The study's outcome is clear: general LLMs are excellent assistants for writing reports, summarizing texts, or explaining terms to patients, but as diagnostic tools for acute conditions, they are currently dangerous. The future of medicine does not lie in wanting a chatbot to be a doctor, but in having specialized models that will have access to a gigantic amount of medical data and will function as a highly accurate filter for radiologists.

Can AI completely replace a radiologist in the future?

According to current trends and research, no. AI will function as a "second pair of eyes" – a tool that alerts doctors to suspicious areas, but the final diagnostic responsibility and interpretation of the complex clinical picture will always remain with a human.

Are these models capable of communicating in Czech when analyzing images?

The image analysis itself (of pixels) is universal.

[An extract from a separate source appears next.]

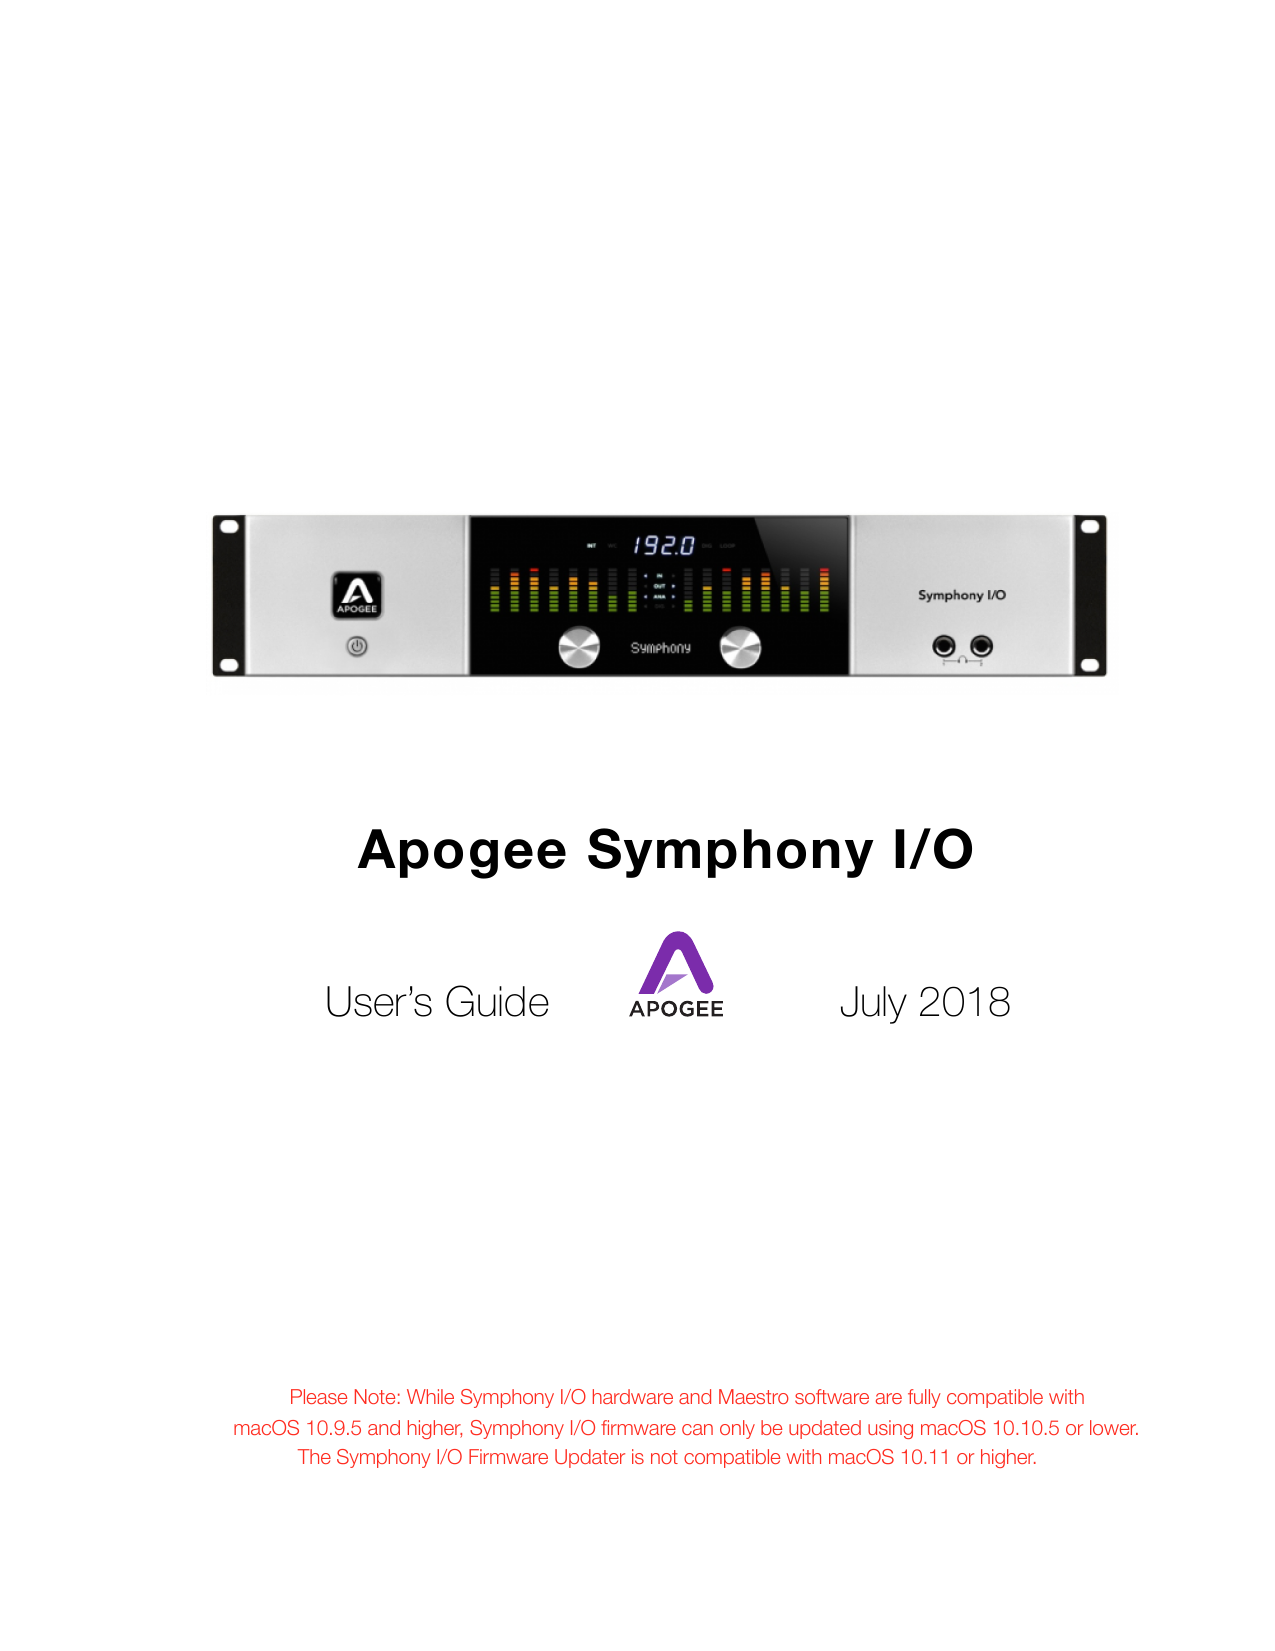 is anyone using the apogee one for mac yet 2018

However, the model's ability to generate a textual description in Czech is very high for models like GPT-4o or Gemini. The problem is not the language, but the accuracy of the diagnosis itself.

What is the cost of implementing such AI in a hospital?

For general models, API calls are paid for (e.g., with OpenAI, it's the price per token). For specialized medical systems, it involves high investments in licenses, integration into the hospital information system (HIS), and certification according to EU rules, which can mean millions of Czech crowns.